Glucose before bed can actually the brain while you sleep. It can improve deep sleep. This is a tiny little hack. Now at the time, as I said, I use turmeric tea with a little bit of honey, just half a tablespoon. Some people do up to a tablespoon, but I'm not a kind of the sugar guy, and I'm not into that. Since then, I had a conversation with Robb Wolf, which was later recommended by Dr Peter Attia. Both people who I look up to immensely, they've never steered me wrong with the recommendations. This is a product called Doc Parsley's sleep remedy. Doc Parsley's sleep remedy tastes like apple cider. Basically, you heat it up at night. It's got vitamin D; it's got a little, a little bit of melatonin. And then it's just got some other amino acids, right?



She drinks this before bed. It becomes a part of your bedtime routine, which is very important. Routine is important, and we'll talk about that. It helps you sleep—great, great, great product. Can't recommend it enough. The only issue is it's going to cost you, I think, between 40 and 50 bucks a month. It's pricey. It's a costly product. If you really have issues with sleep and you want to kickstart, try this if you can afford it. 

 

The other thing is, and I've kind of come away from this since I wrote the article, but I think it's important to touch on. There's something called an induction mat. There are different brands of this. I got my induction mat from Bulletproof. It's called the Bulletproof sleep induction mat. It's a mat that rolls out like a yoga mat, but it has all these plastic spikes on it. It looks like a torture device, right? You lay it on the ground. 

 

I would read a book until the point where I'd start dozing off, right? And then I'd actually get out of bed or put it in bed and do it on the ground, in bed wherever you want to do. I like it better on a hard floor rather than a mattress. You lay on it. Now, when you first lay on it, it kind of feels like a bed of spikes. It doesn't feel great at first, and your body freaks out. This kind of spikes your sympathetic nervous system. You're a fight or flight, right? This is kind of your fight like, "Ooh, what's happening." 

 

Then the body realizes as you lay on this for 10 minutes. Within the first three minutes, it realizes we're not in danger and your body just kind of settles and relax, and your muscles relax.



It's a little bit like acupuncture, but without the puncture part, right? Your just body kind of relaxes, and it really spikes your parasympathetic nervous system. This is the rest and digest part of your nervous system. It really, really helps you relax. Be careful. I have fallen asleep on the sleep induction mat and woken up an hour later in immense pain. My back feels like a sunburn cause I fell asleep on this thing. It's an interesting little trick. Skip the induction mat if you want to. It's not necessary. You can just go right from reading to the next step, which is sleep meditation. You'll fall asleep. Sleep like a baby. 

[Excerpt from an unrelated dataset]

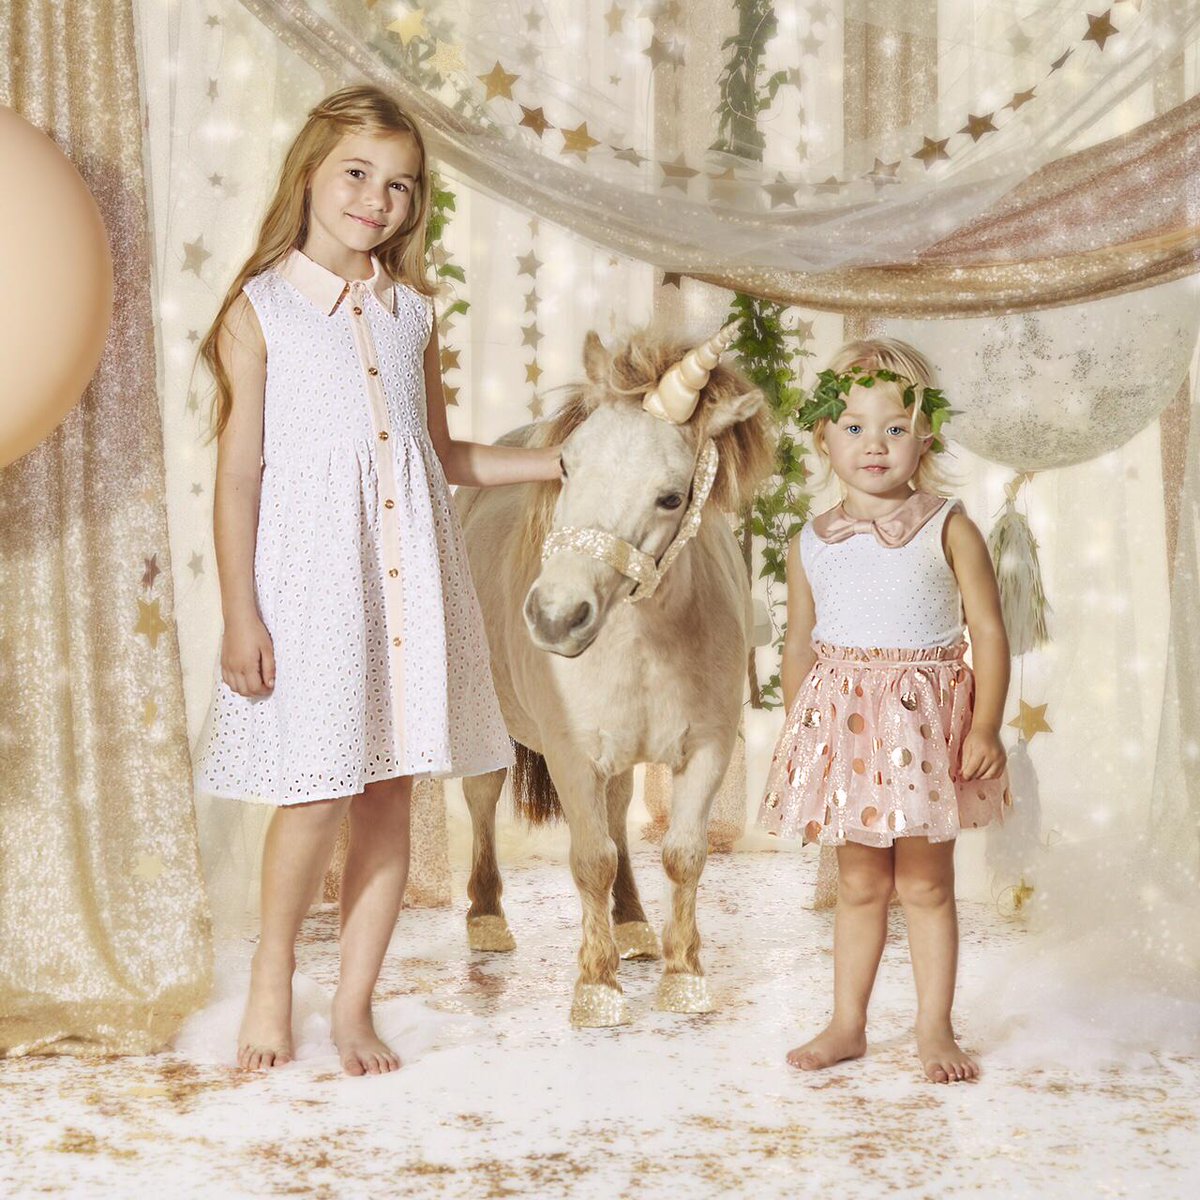 Our @kardashiankids collection has arrived at BIG W Australia!! In stores and online!! http://t.co/etiR2NZnPp http://t.co/QwIKNzonel

Sleep meditation. I used an app called Headspace. Headspace is a great meditation app that you guys are probably familiar with because everybody and their mom are doing Headspace now. Headspace has an actual specific sleep meditation, and he just kind of walks you through.



It's a guided meditation. Once you do it a couple of times, you know, by heart, so you don't need the app anymore. You can really just kind of do this meditation. I'm not gonna do the meditation here, but grab the Headspace app and learn the sleep meditation. It really, really helps. It really slows your brain down and gets those thoughts out of your head. I think a lot before I fall asleep, and this sleep meditation really helped me. Since then, I found another service that I use on my computer called brain.fm. Brain.fm is pretty awesome. They have an app. They actually have headphones that come with it. They're like a strap with really, really thin little speakers, so you can actually sleep on the sides of your head. They won't mess you up. These are binaural beats combined with music or combined with relaxation sounds. This works really well. It works really well for travelling, works really well for airplanes as well. Those are a couple of things you can do in the sleep meditation space. 

 

The other thing I do is sleep with a sleep mask. I have my room set up to be as dark as possible, but it's tough to get a room pitch dark. You need to get blackout curtains. It's really tough to do so. A sleep mask helps. When I was talking about before is they've done studies where they'll take a test subject. These sleep studies in a pitch-black room take a little laser pointer light and shine it on the back of their knee. It disrupts their sleep cycles. That's how serious it is when you're sleeping.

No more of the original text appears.